▶ Goal of the exercise
Leaving out pictures, output exactly the lines below from the one that has "Раскраска Фиксики персонаж" through the one that has "colorful totem in Alaska", and nothing else.

▶ Material for this task
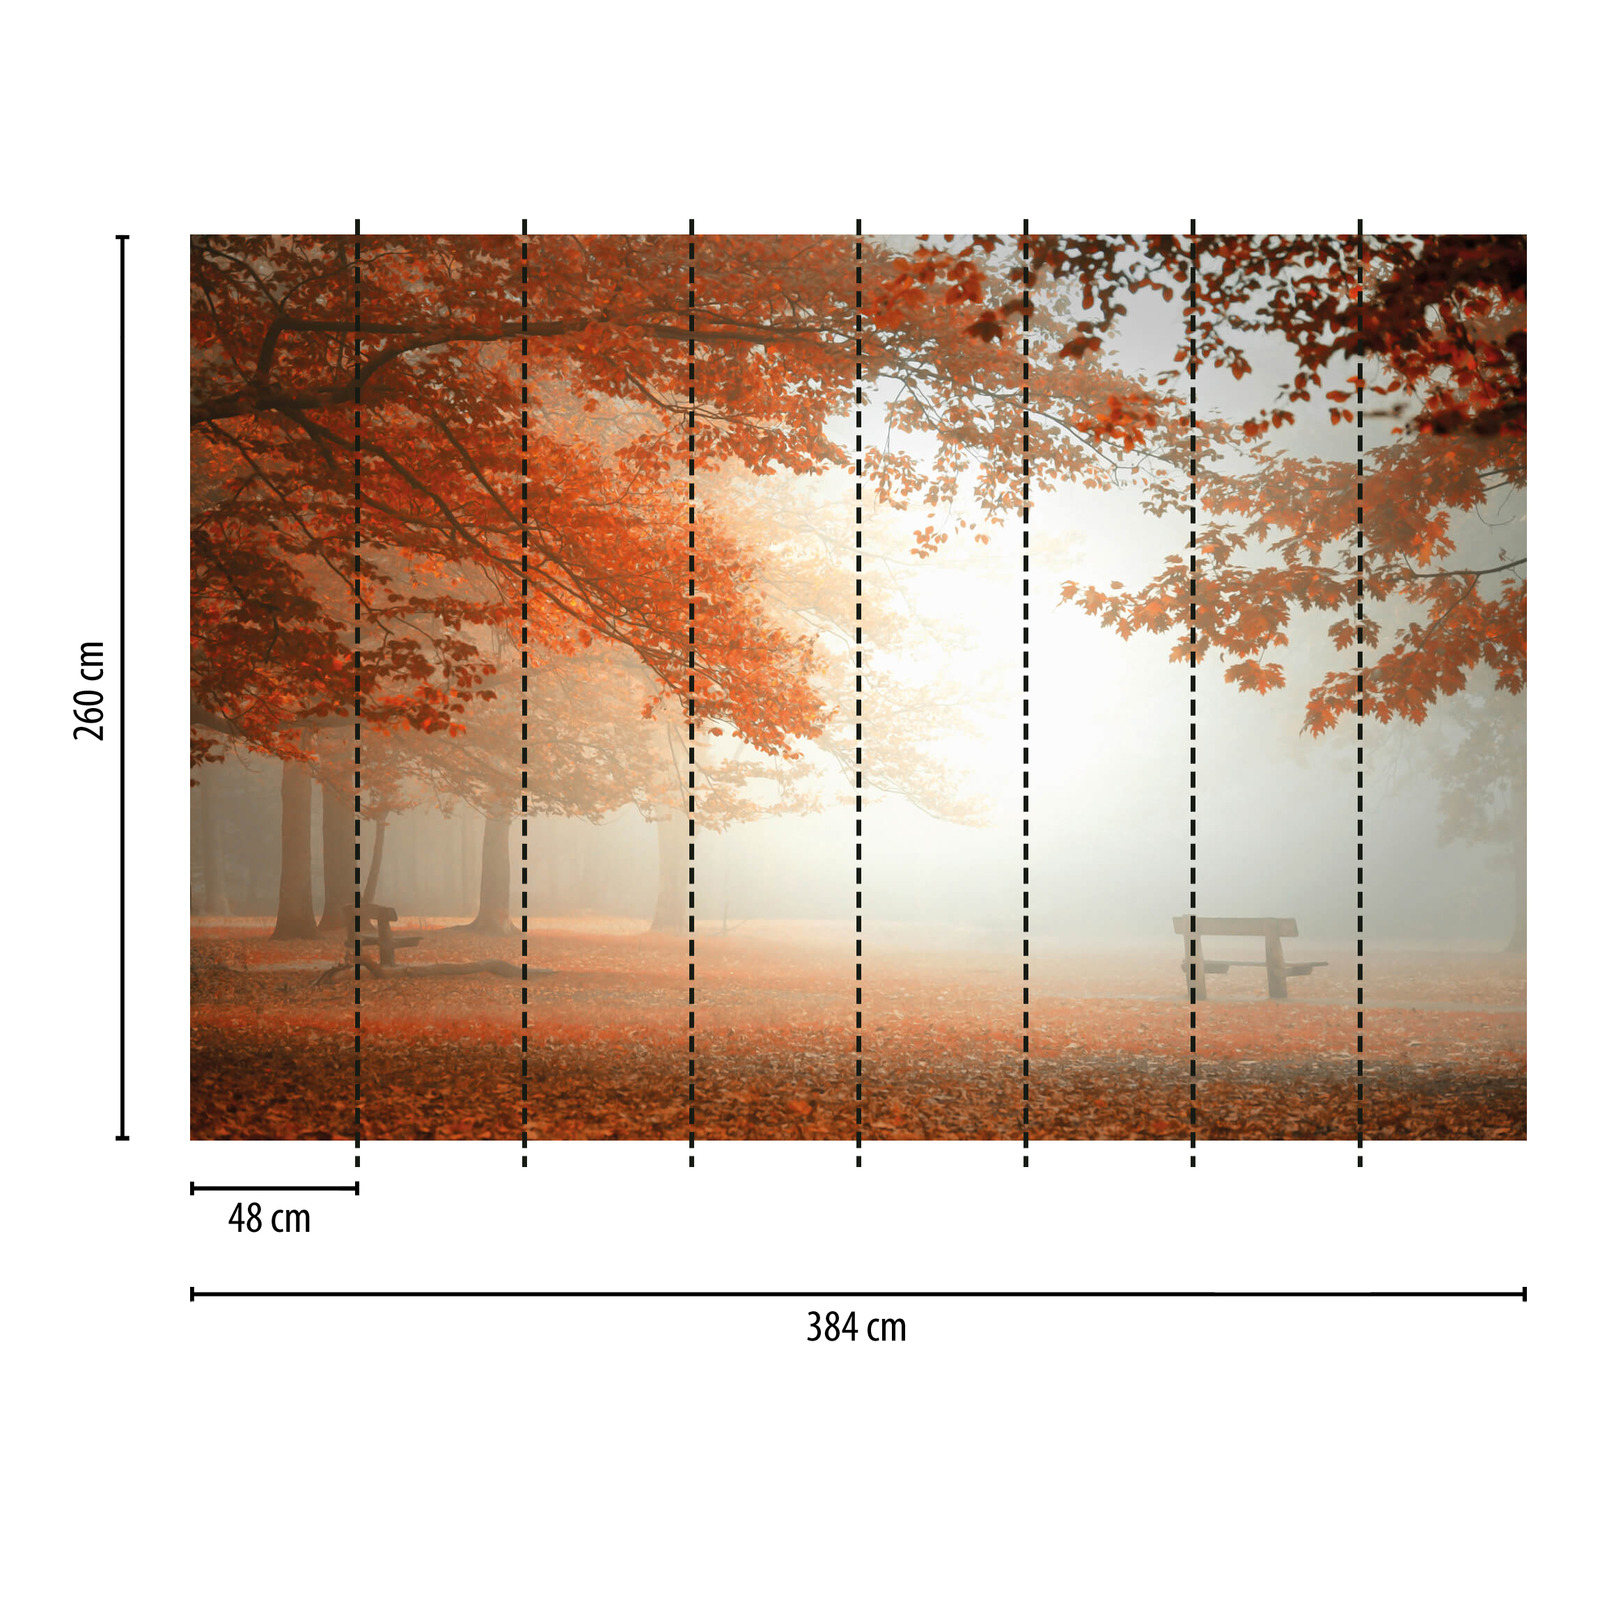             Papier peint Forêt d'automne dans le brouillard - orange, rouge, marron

* * *

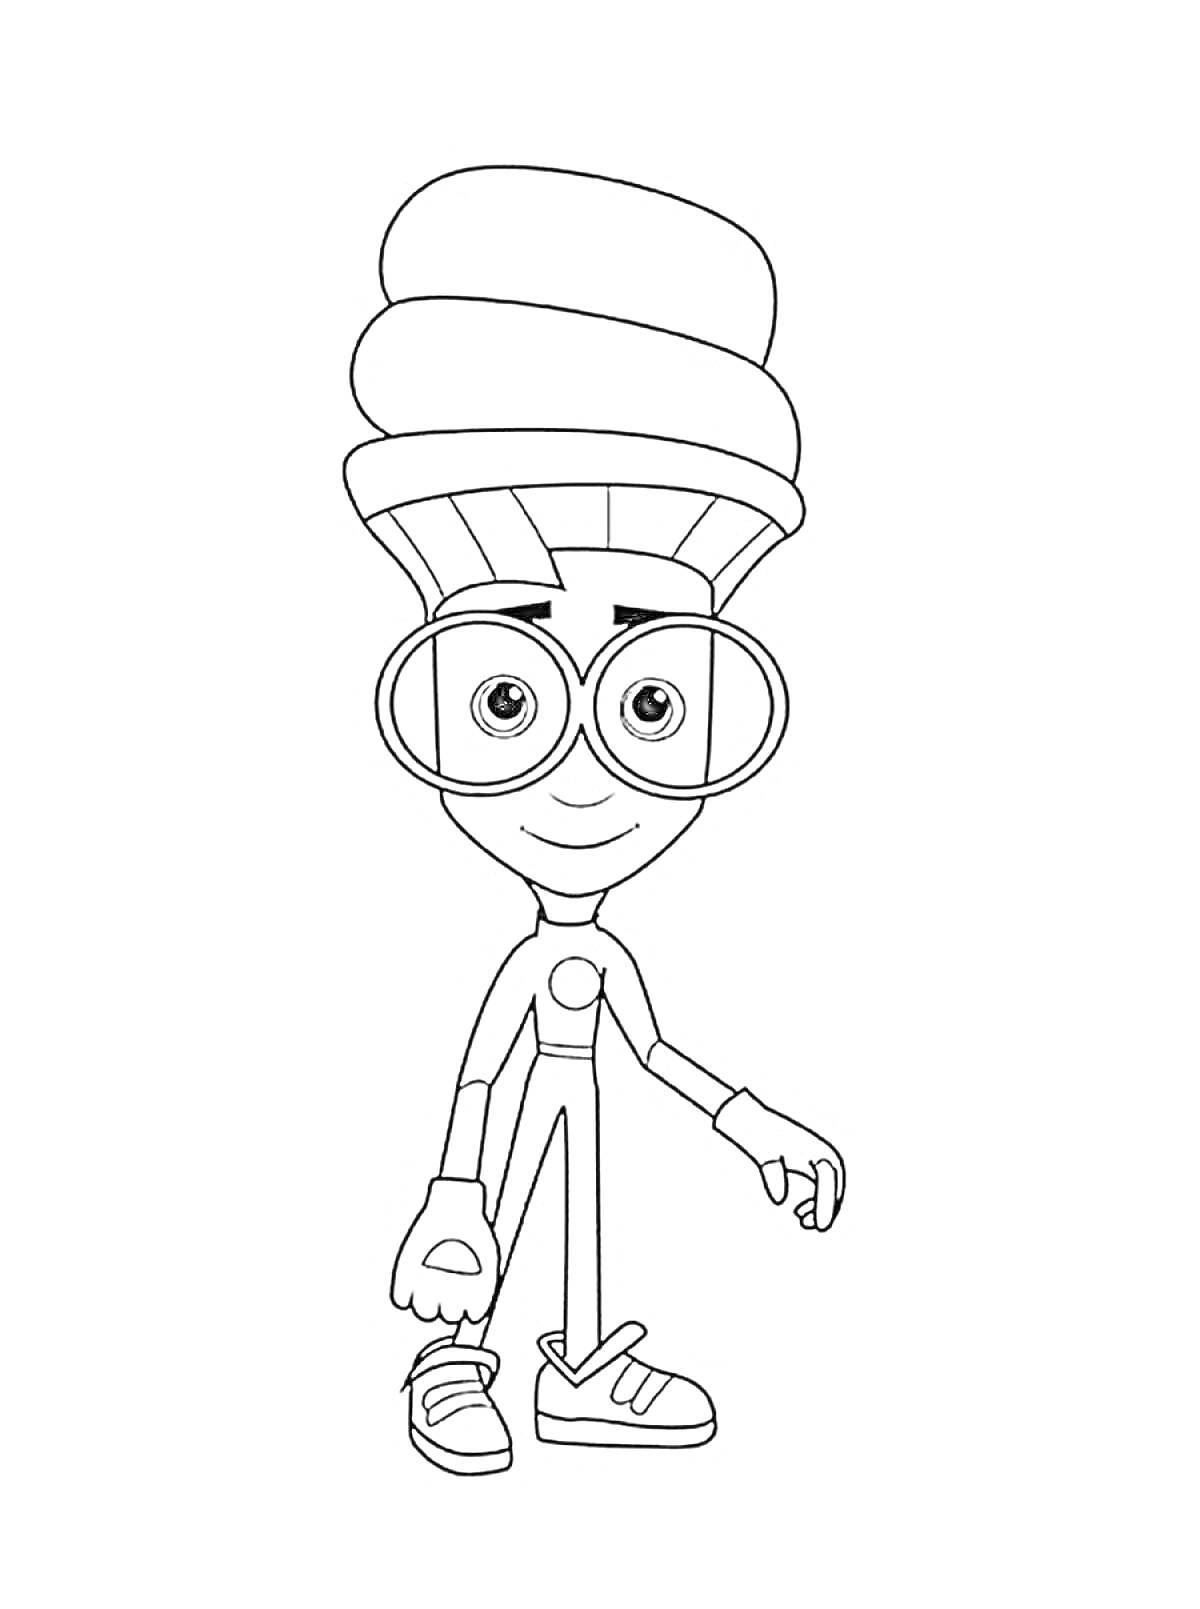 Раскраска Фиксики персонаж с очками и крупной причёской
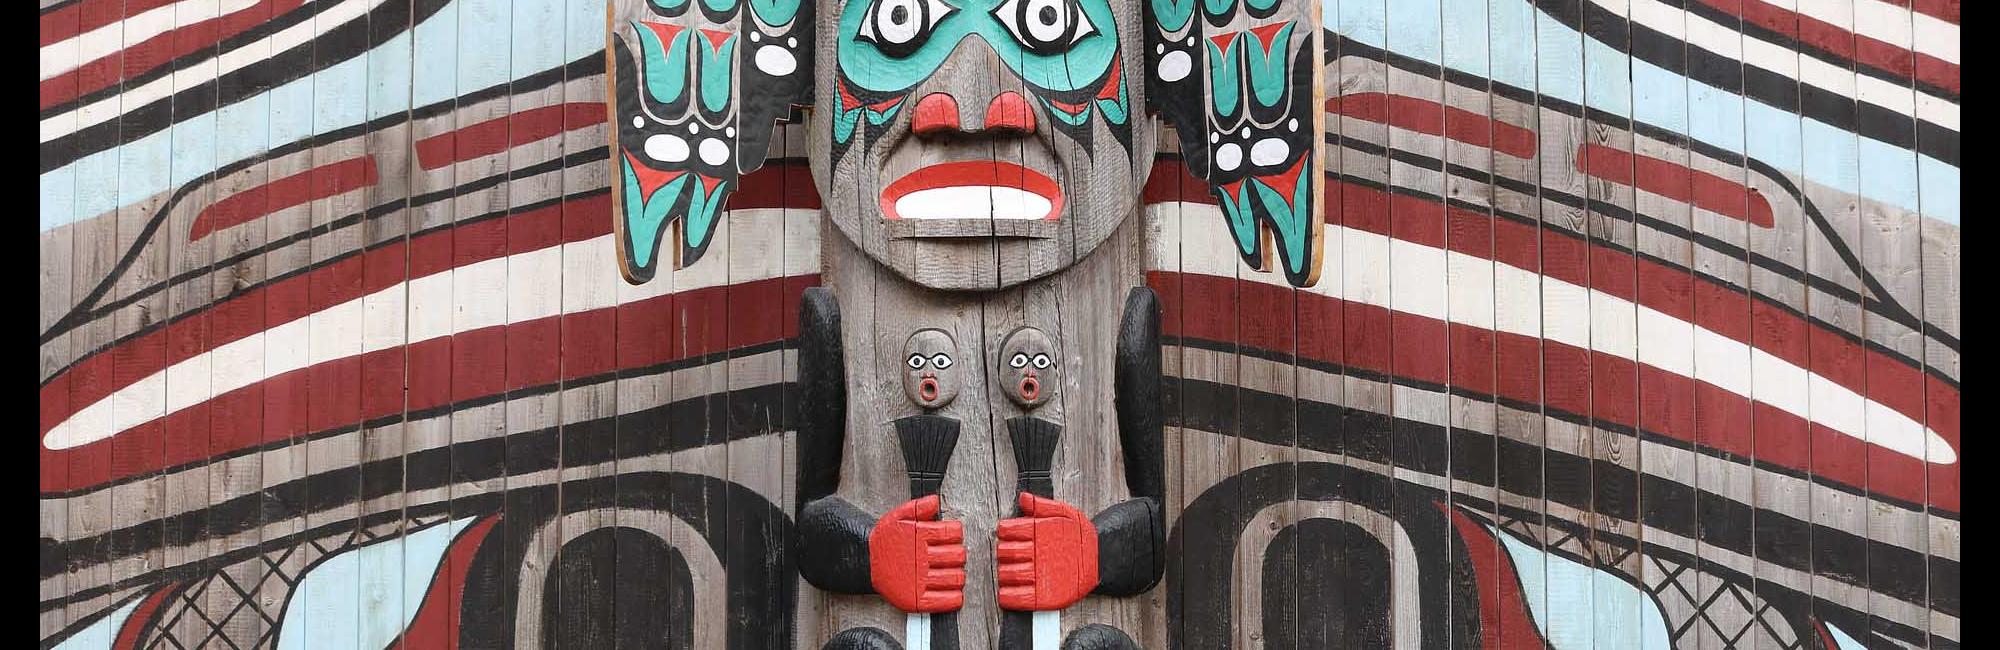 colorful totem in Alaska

▶ Exercise response
 Раскраска Фиксики персонаж с очками и крупной причёской
 colorful totem in Alaska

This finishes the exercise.